At no point before the stack emptied does the automaton terminate unsuccessfully and the input is empty once the stack is so the automaton terminates successfully. In other words, this string is recognised as a member of the language.

Note that this is one possible computational path. It is, in fact, the only one which terminates successfully. There are many others, some of which terminate unsuccessfully and some of which fail to terminate at all. As discussed earlier we could represent the set of all computational paths with a tree, but this tree would be infinite.
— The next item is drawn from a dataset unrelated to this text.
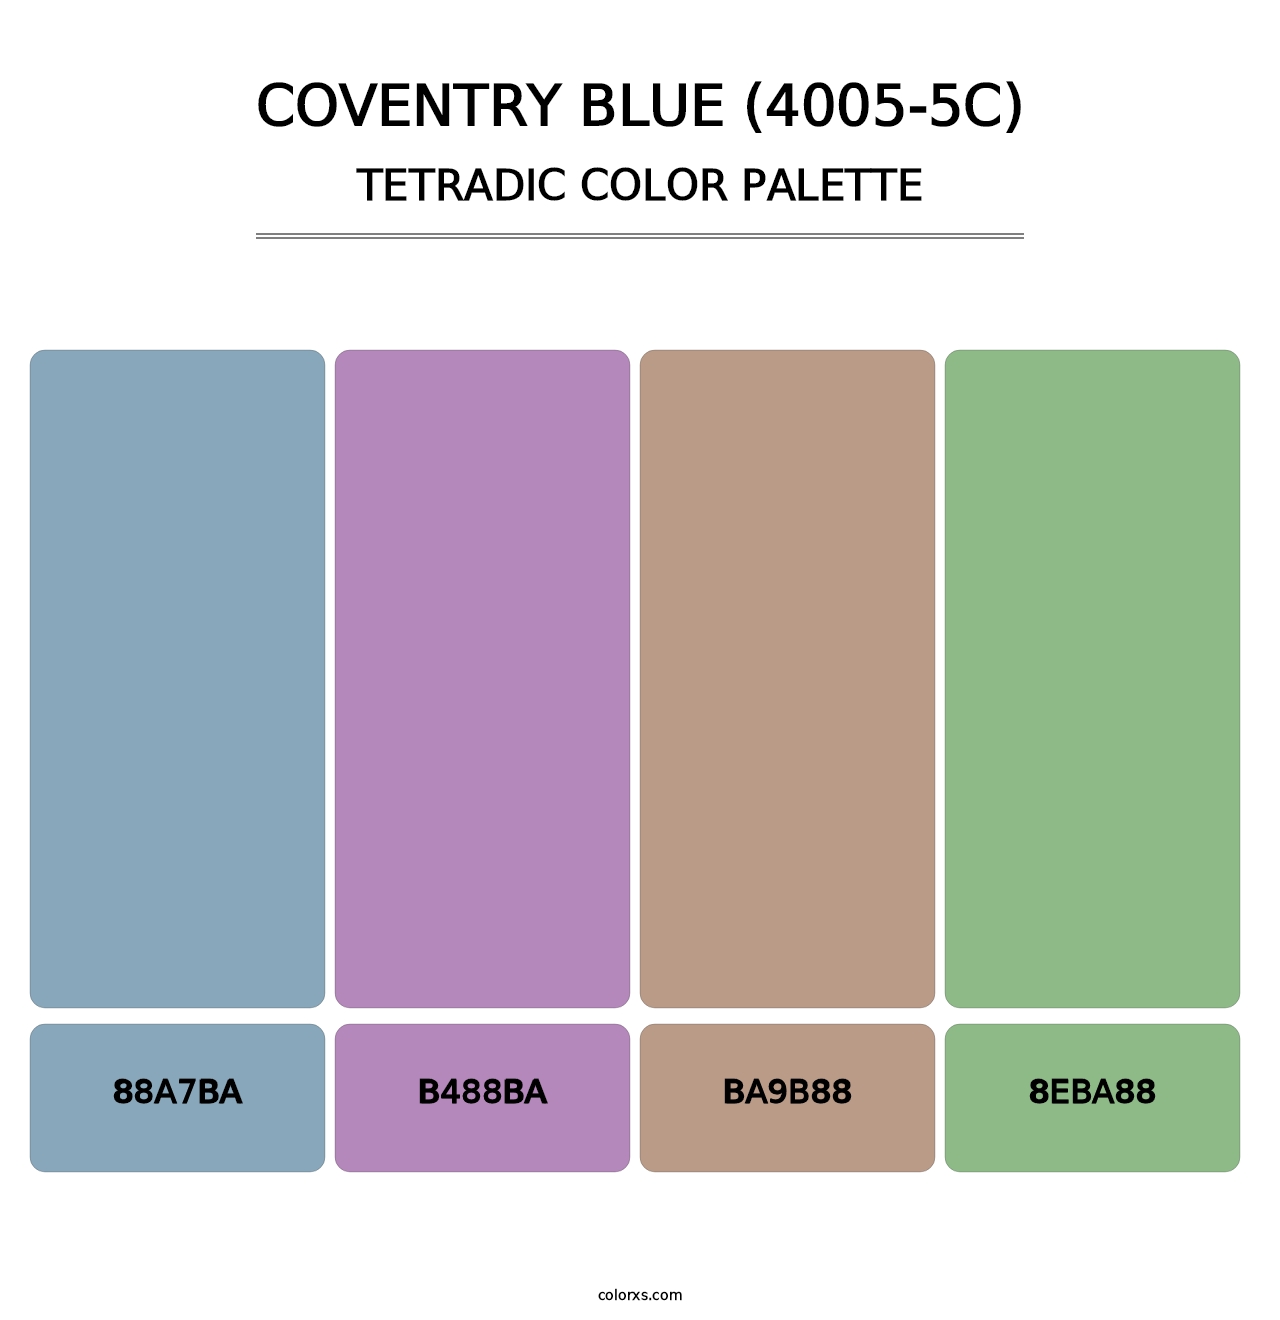 Coventry Blue (4005-5C) - Tetradic Color Palette

It is possible to give a deterministic algorithm by, for example, traversing this tree in breadth first order. There’s no way for a deterministic pushdown automaton to do this, since maintaining the full tree requires something more powerful than a stack, but it could be done, for example, by a deterministic Turing machine. With a breadth first traversal we would only see a finite portion of the full infinite tree. I have chosen not to illustrate the portion which would be traversed because this planet is unfortunately not large enough to contain it.